◆ WORK TO COMPLETE:
Output every line below exactly, please, omitting pictures.

◆ PROVIDED DATA:
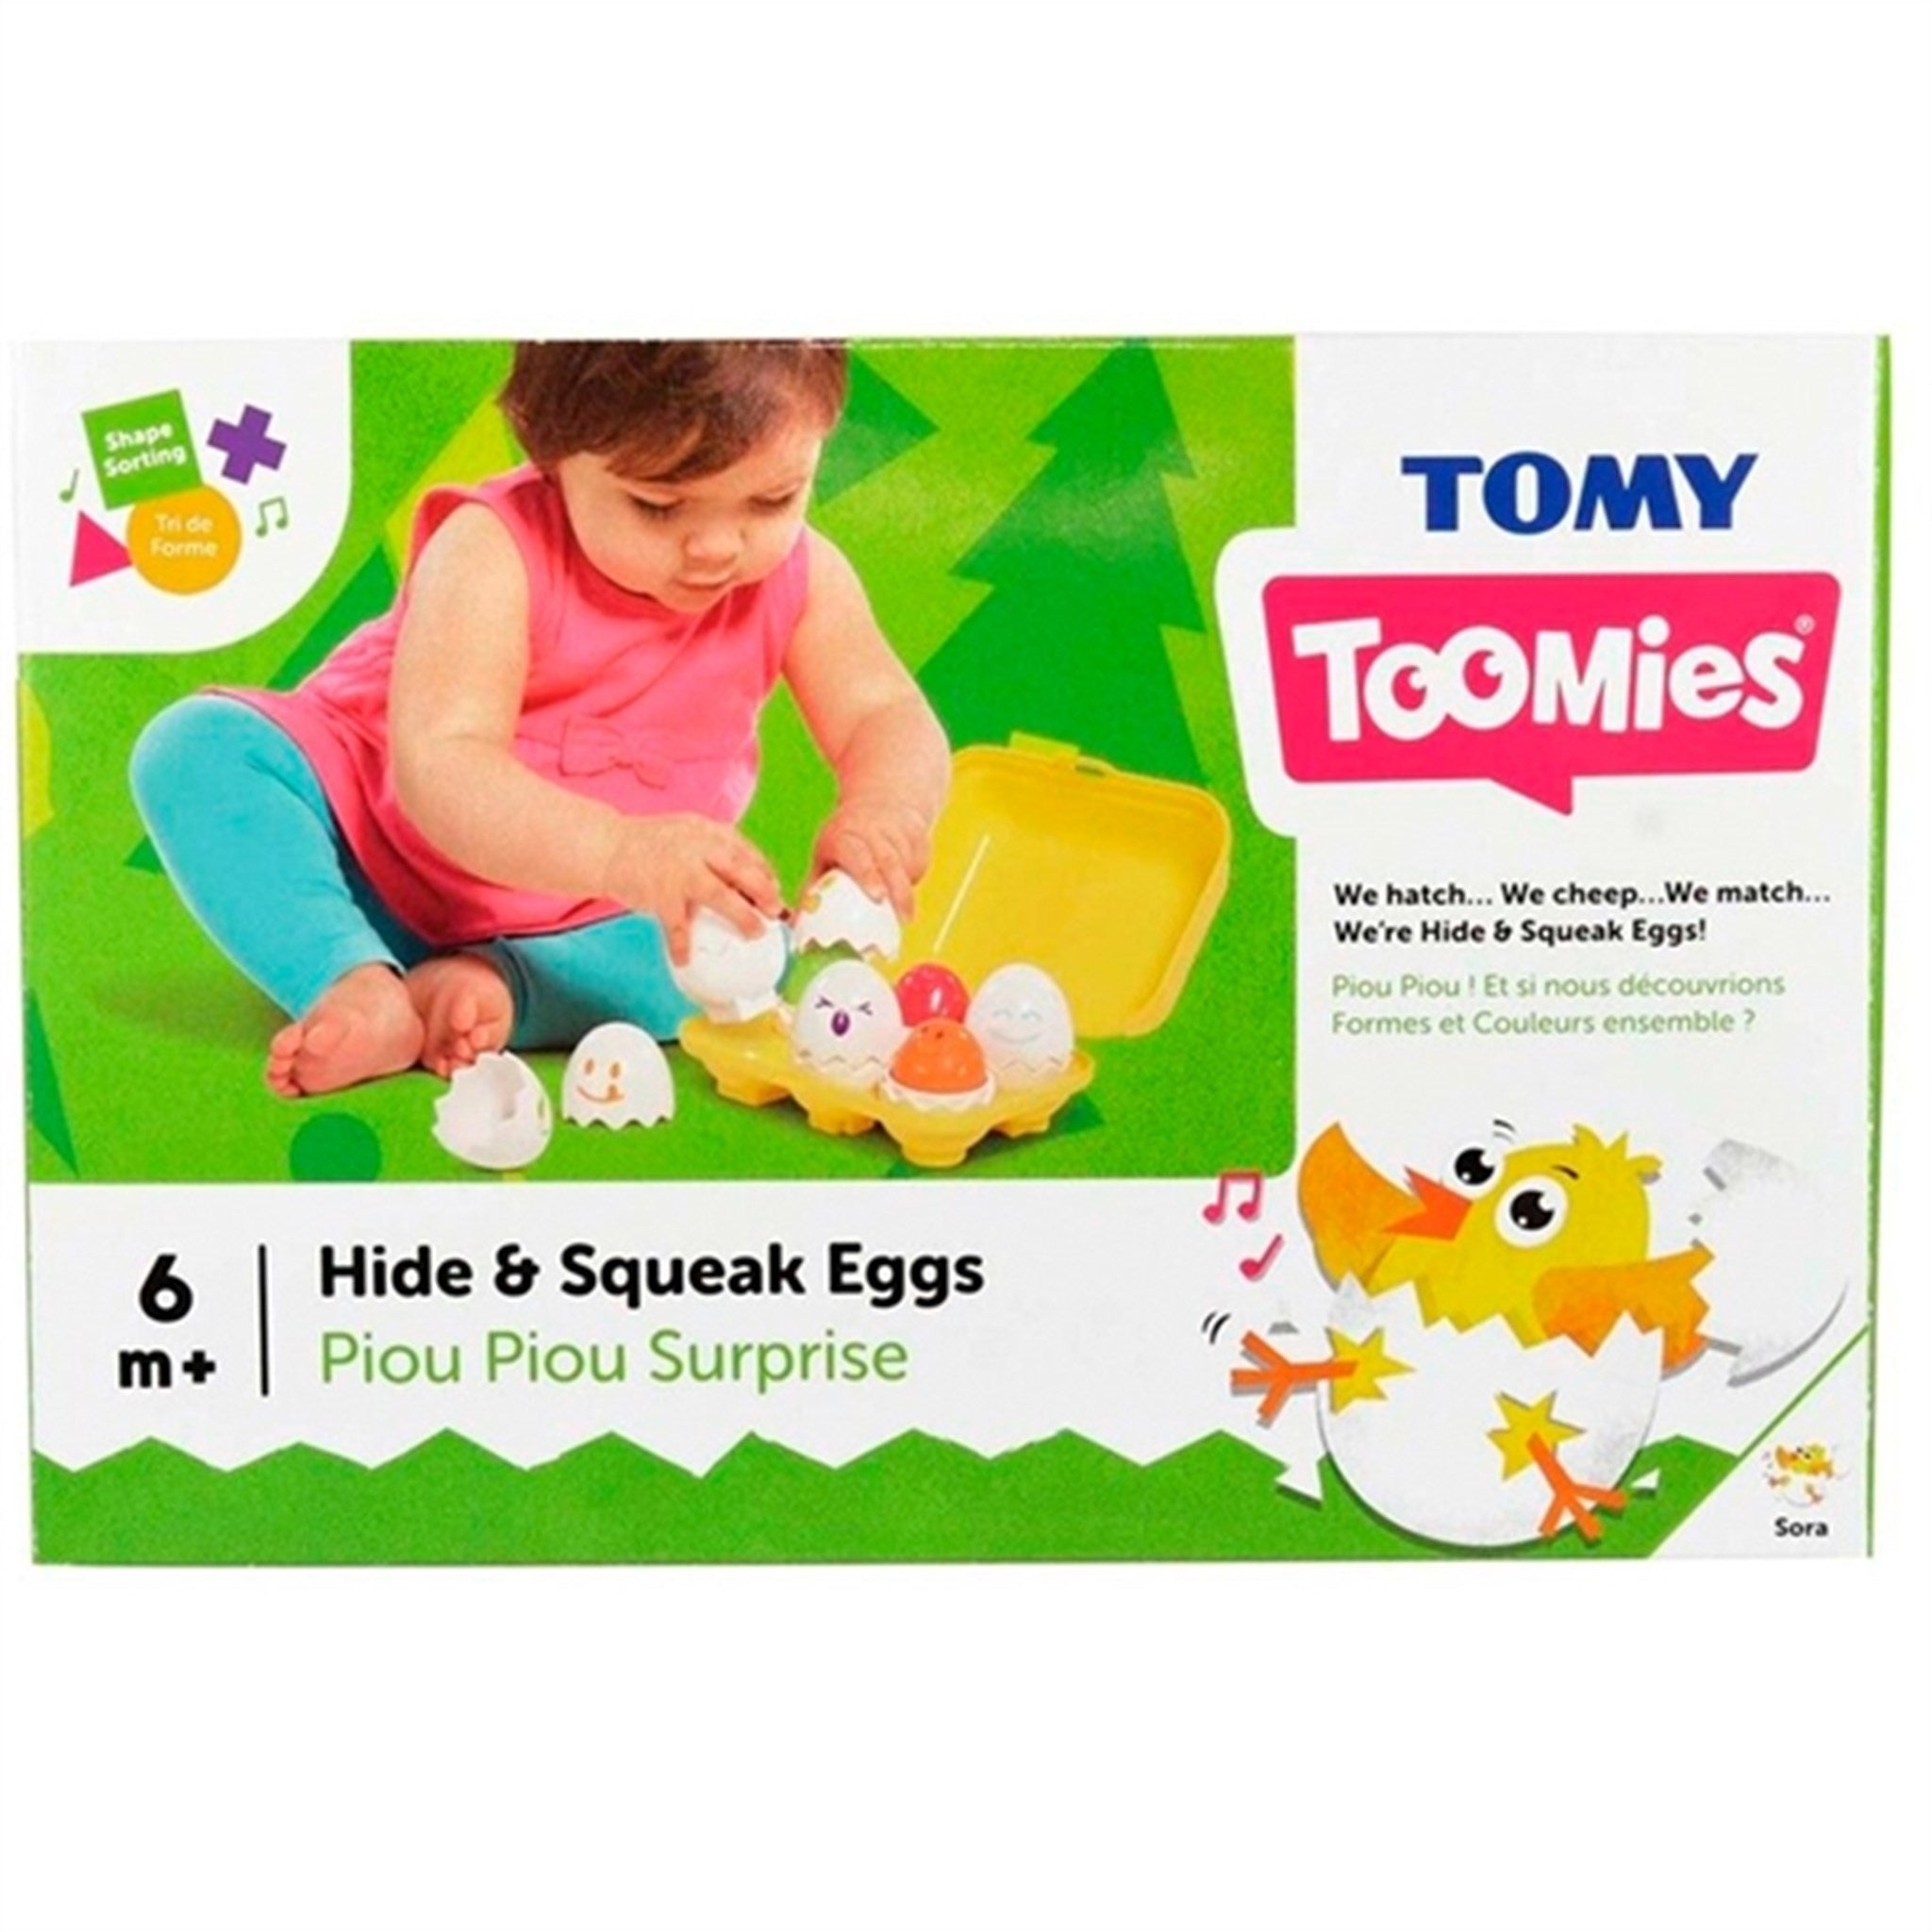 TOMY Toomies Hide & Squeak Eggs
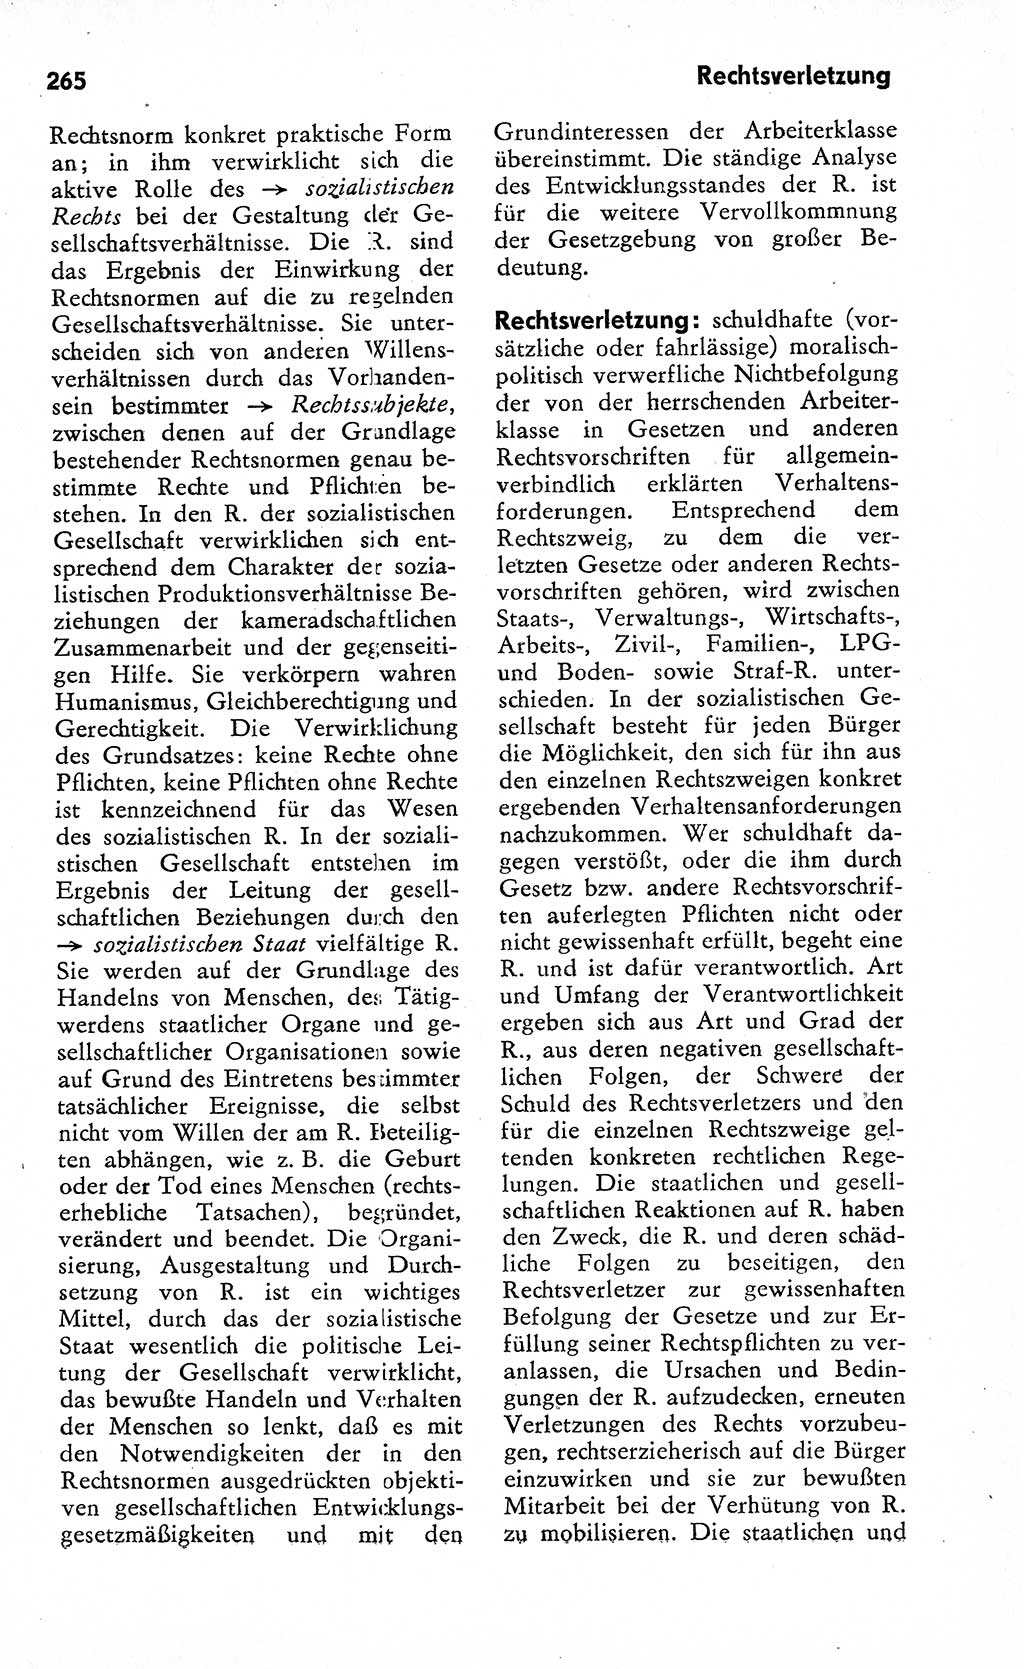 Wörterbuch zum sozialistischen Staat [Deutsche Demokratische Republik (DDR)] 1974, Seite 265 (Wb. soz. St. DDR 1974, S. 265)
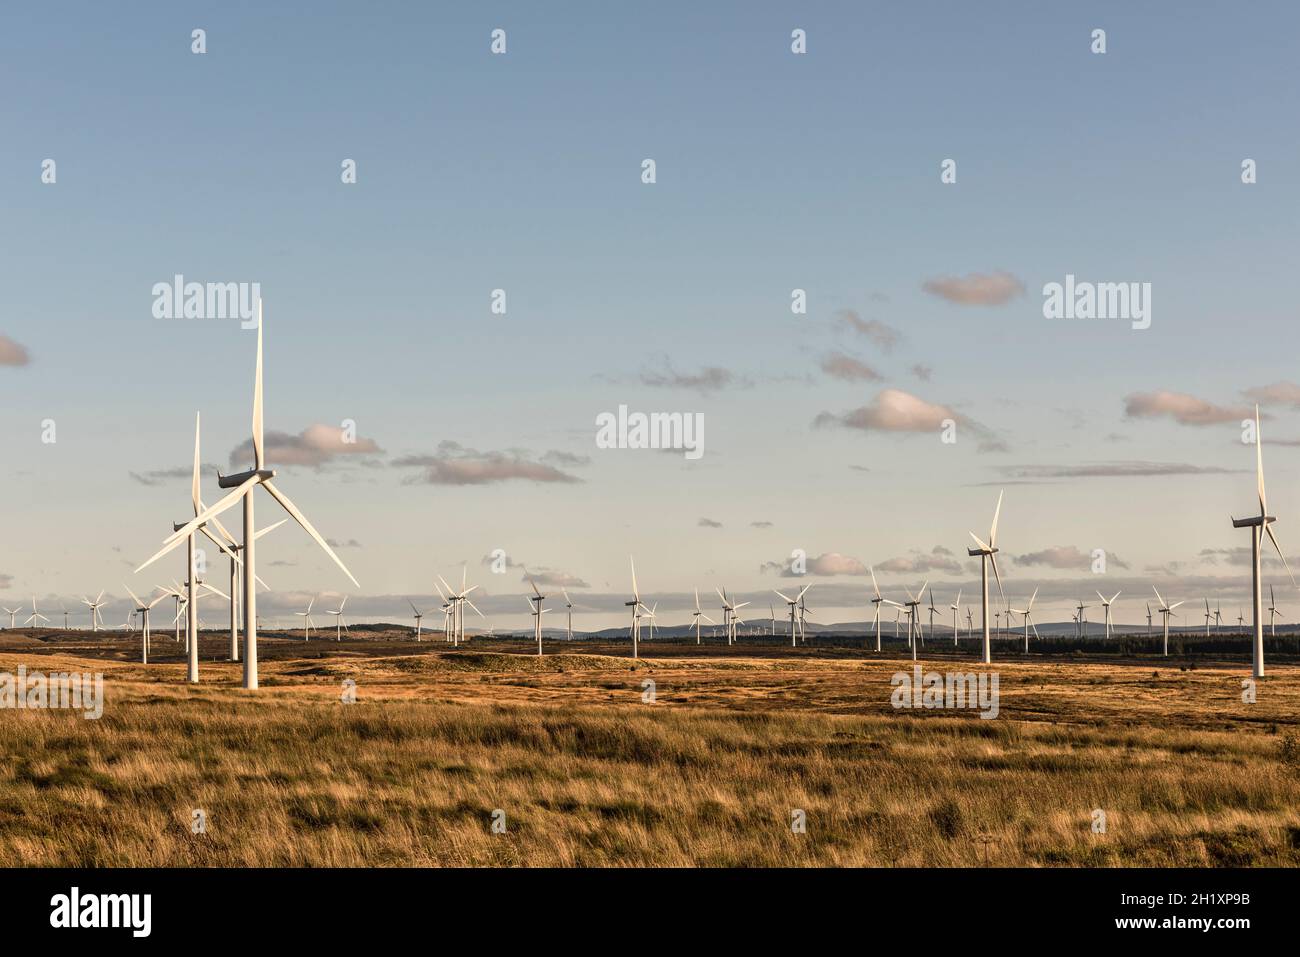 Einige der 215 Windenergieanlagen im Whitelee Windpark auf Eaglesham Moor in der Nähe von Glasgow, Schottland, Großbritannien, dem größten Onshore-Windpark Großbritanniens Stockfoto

◆ RESULT OF THE TASK:
 TOMY Toomies Hide & Squeak Eggs
 Wörterbuch zum sozialistischen Staat [Deutsche Demokratische Republik (DDR)] 1974, Seite 265 (Wb. soz. St. DDR 1974, S. 265)
 Einige der 215 Windenergieanlagen im Whitelee Windpark auf Eaglesham Moor in der Nähe von Glasgow, Schottland, Großbritannien, dem größten Onshore-Windpark Großbritanniens Stockfoto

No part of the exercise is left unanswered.